The incubator hubs do not always seem to tackle the strategic issues like readying their young hopefuls for the tough life that awaits them. And this is what makes the accelerator programmes more interesting as they seem to acknowledge that you need to take the best and help them get better. A successful start-up culture is one in which the majority of young hopefuls fail and maybe even move on.

The incubator hubs do not really have a business model themselves. They are largely donor or charity funded and with anything that’s funded in this way, fashions change and the money moves on. In developed countries, incubators are often funded by local or regional governments but the idea of African national or local government putting things like this on their budget seems fanciful.

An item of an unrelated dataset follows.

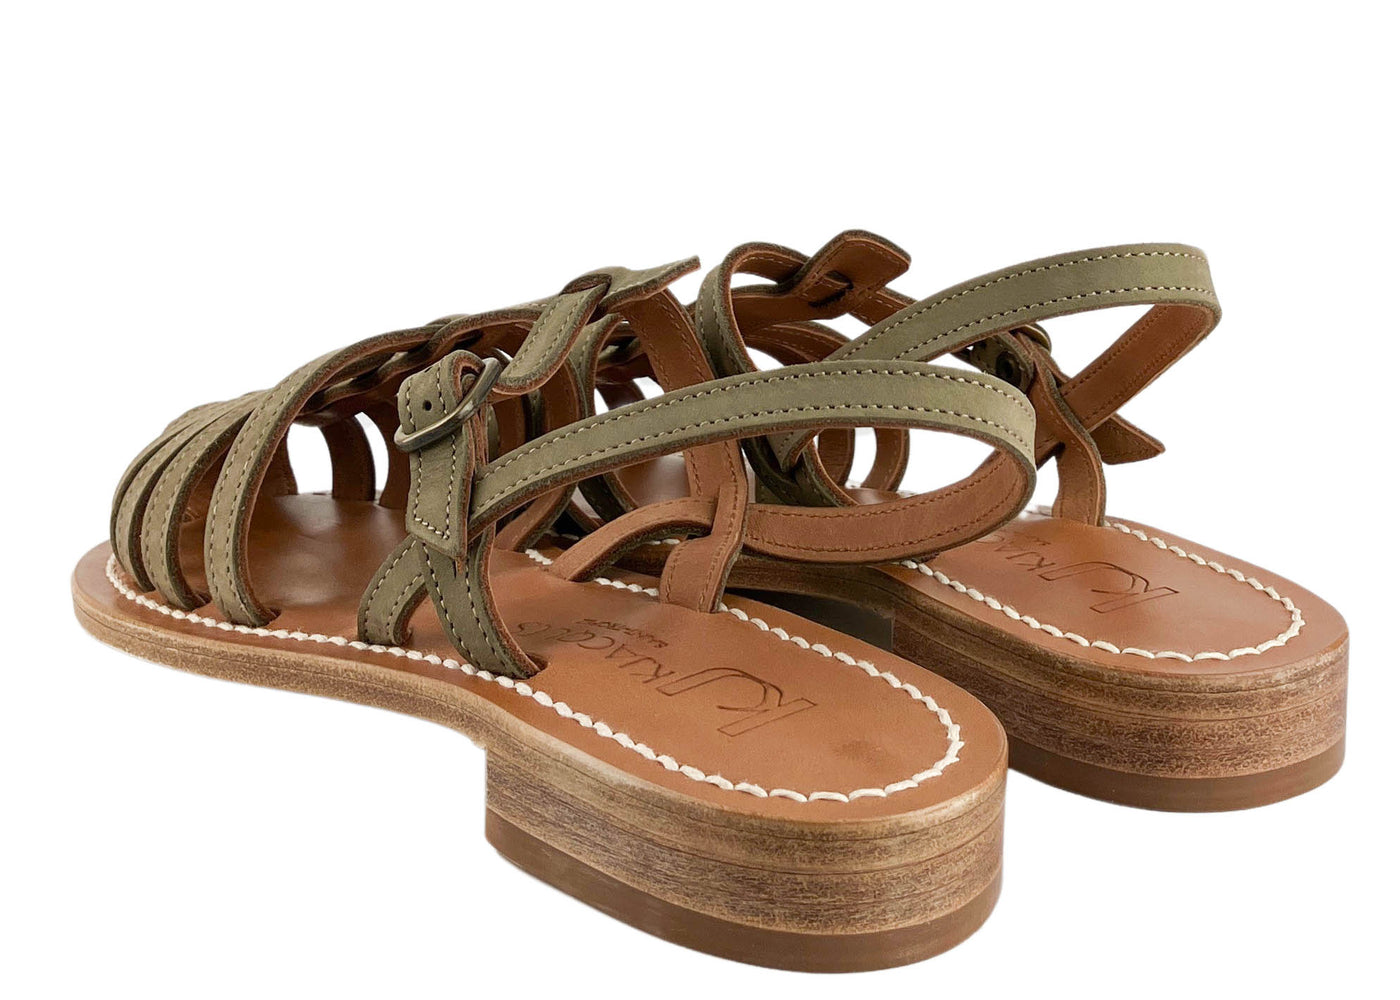 K.Jacques Aganka Sandals in Khaki - Discounts on K. Jacques at UAL

Most African cities are cash tills of patronage that pay for bloated (sometimes non-existent) workforces and do not seem to exert much magic on their surroundings. The better informed conjure the name and successes of Governor Fashola in Lagos but he remains one of a handful with vision and drive. In Europe, innovation hubs are often used as part of urban regeneration which is what makes 44 Stanley Avenue and JoziHub interesting: they contribute something to regenerating a run-down area of Johannesburg. Why isn’t this happening elsewhere in Africa?

Having one or two incubator hubs should not be the sum of a start-up culture in a country: it may be a start but it’s not the end. There need to be independent and successful entrepreneurs who can act as role models and sometimes as mentors. And there needs to be funding…Donor funding needs to be used to set up things and then move on. If it’s a public service, African Governments need to fund it out of their own budgets because that way, someone gets to take responsibility…I’m still not completely convinced of the case made for impact investment but I’m willing to wait and see what it produces…Most importantly, Africa needs start-ups that are a commercial success that pull in more money (both local and international) on the back of success.